Przejdź do głównej zawartości

Co nakładam na skórę głowy + niecodzienny pomysł na olejowanie

Oprócz wcierek i olei na skórę głowy nakładam też czasami odżywkę lub maskę. Chciałam o tym, napisać, bo kiedyś się tego bałam, nasłuchałam się, że takie kosmetyki nakłada się tylko na długość włosów i to najlepiej od połowy. Z ciekawości jednak spróbowałam, ale upewniłam się, czy w składzie nie ma silikonów. Radzę z tym uważać, szczególnie, jeśli ma się włosy cienkie i przetłuszczające się. Wybrałam do tego odżywkę Garnier Ultra Doux Avokado i Karite oraz maskę Biovax do włosów suchych i zniszczonych.





Jakie były efekty? Mimo, że oba kosmetyki są przeznaczone do włosów suchych i zniszczonych a w dodatku raczej do ich długości, odniosłam wrażenie, że najlepiej sprawdzają się na tych włosach bliżej skóry głowy, która po takiej uczcie jest nawilżona i ukojona. Czasami czuję, jakby była troszkę podrażniona, ale po nakarmieniu jej odżywką lub maską problem znika. Włosy nie przetłuszczały się szybciej, nie były bardziej przyklapnięte za to są dobrze odżywione aż od nasady. Jednak najlepsze efekty są odczuwalne właśnie na skalpie, a minusów nie było żadnych.

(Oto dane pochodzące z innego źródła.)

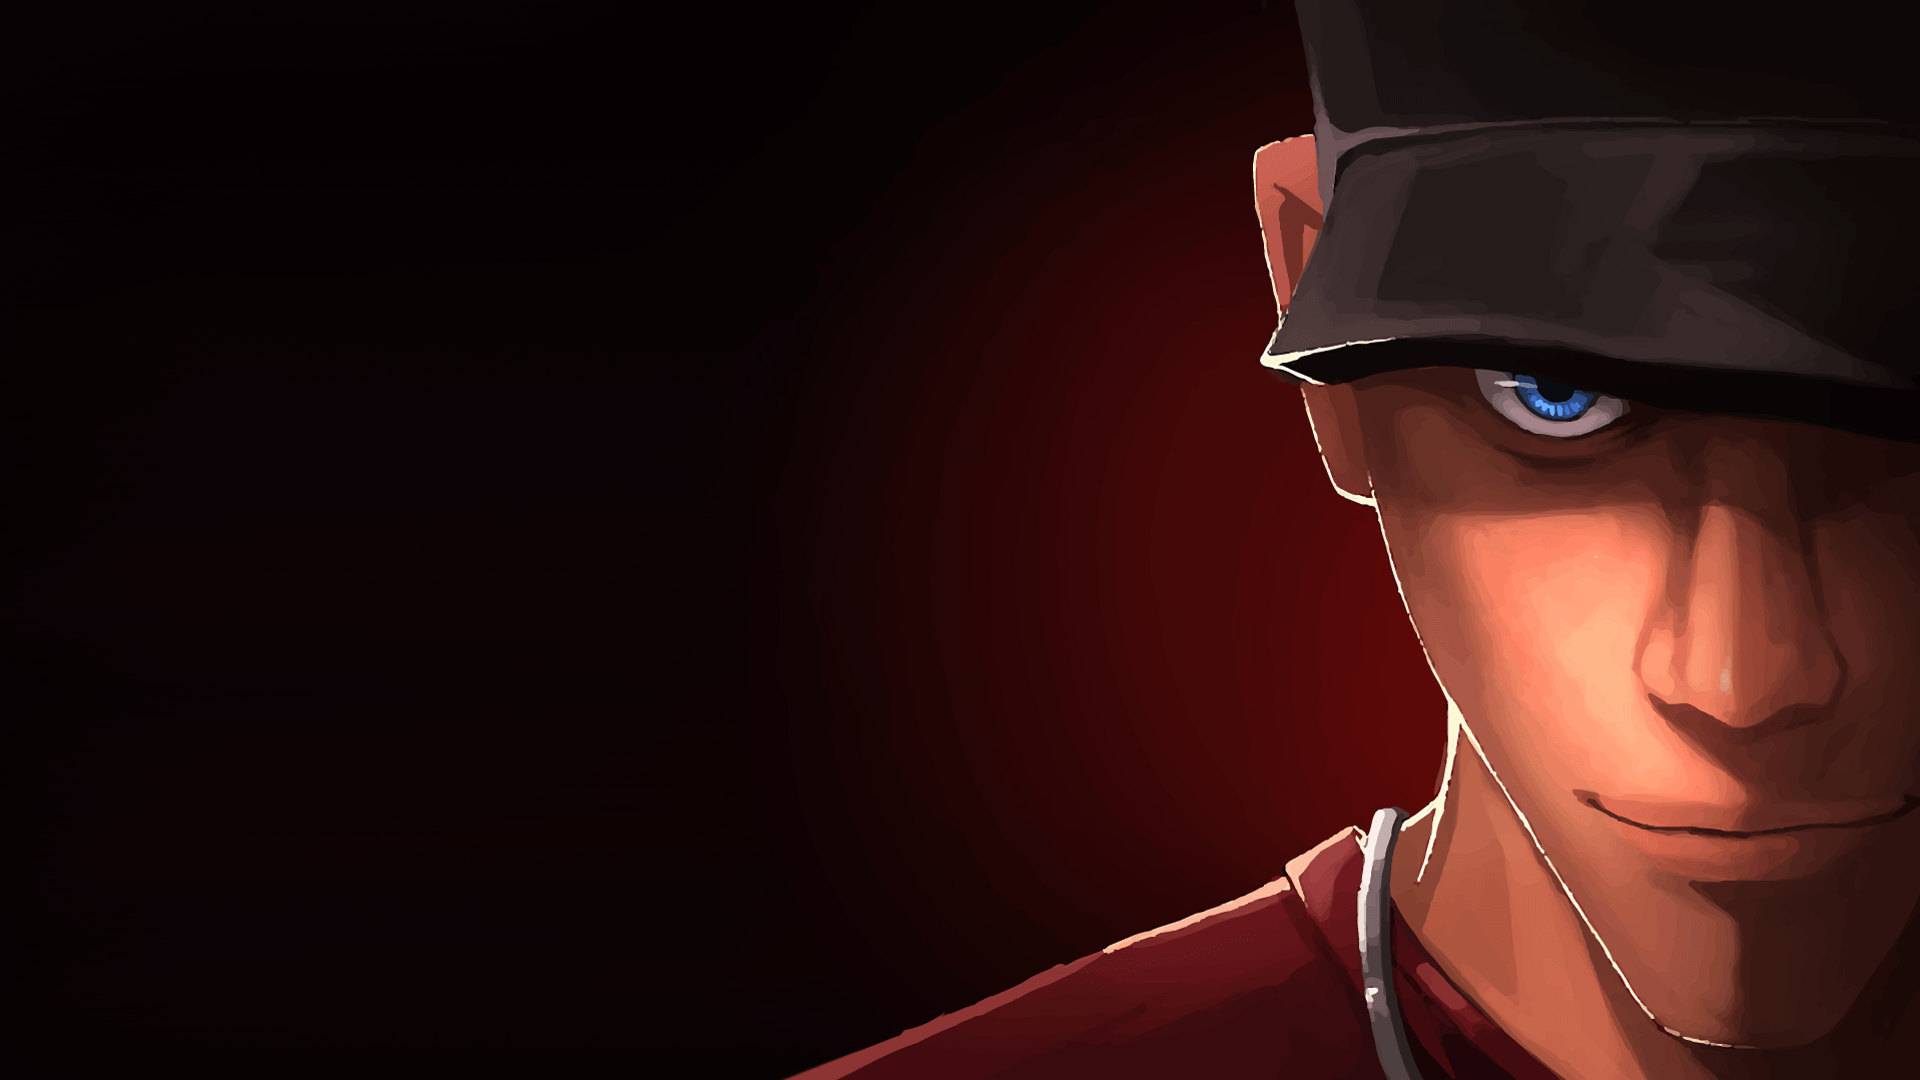 Tf2 Scout Wallpaper. Team fortress 2

Chciałabym niedługo spróbować olejowania 2w1 albo nawet czegoś bardziej skomplikowanego, mam na myśli kombinacje olei, kremu, odżywki czy nawet wazeliny. Co o tym myślicie? Mam wazelinę do ust z olejkiem różanym, kusi mnie wypróbowanie jej do niecodziennego olejowania, ale obawiam się, że miałabym problemy ze zmyciem takiej mieszanki. Co o tym myślicie?

Przypominam, że do konkursu można zgłaszać się jeszcze do 24:00, jutro wybiorę zwyciężczynię i przy najbliżej okazji wyślę nagrodę. :)

Komentarze

  1. Ja na skalp nakładam lekkie maski lub odżywki (chyba, że robię to przed myciem).
    Możesz wypróbować taką metodę jaką opisałam u siebie w poście. (maska na włosy wymyte tylko raz delikatnym szamponem)

    OdpowiedzUsuń
  2. Nigdy nie miałam okazji wypróbować masek Biovax, ale chyba czas najwyższy bo wszyscy już o nich piszą :) a odżywkę z Garnier miałam i u mnie szału nie było :/

    OdpowiedzUsuń
  3. Ja właśnie olejuję mieszając olej, krem i odżywkę i bardzo fajnie się u mnie sprawdza :)

    OdpowiedzUsuń

Prześlij komentarz

Popularne posty z tego bloga

Włosy cieniowane czy ścięte na prosto?

Wymyśliłam sobie, że chcę mieć włosy ścięte na prosto, bo chcę, by optycznie było ich więcej na końcu oraz by było mi łatwiej podcinać końcówki. Nie jest to jednak zbyt dobry pomysł, bo włosy bliżej twarzy mają skłonność do silnego falowania. Tak więc włosy ścięte prosto na mokro, po wyschnięciu będą dalej różnej długości. Tak czy inaczej, nie wygląda na to, bym miała zmienić zdanie. Co można powiedzieć o włosach wycieniowanych? Zdecydowanie trudniej jest je podcinać, a gdy się tego nie zrobi, lub zrobi się niezbyt dokładnie, zniszczone końcówki będą sprawiały, że włosy będą wyglądały na zniszczone na całej długości. Takie cięcie sprawdza się przy włosach gęstych, lub falowanych/kręconych , przy ścięciu na prostu takie włosy nie będą się dobrze układać. Odpowiednie cieniowanie może poprawić skręt, nadać fryzurze objętości i lekkości , nieumiejętnie wykonane sprawi, że włosy będą wyglądały na rzadsze .  Ścięcie na prosto jest z kolei doskonałe dla włosów prostych i rzadk...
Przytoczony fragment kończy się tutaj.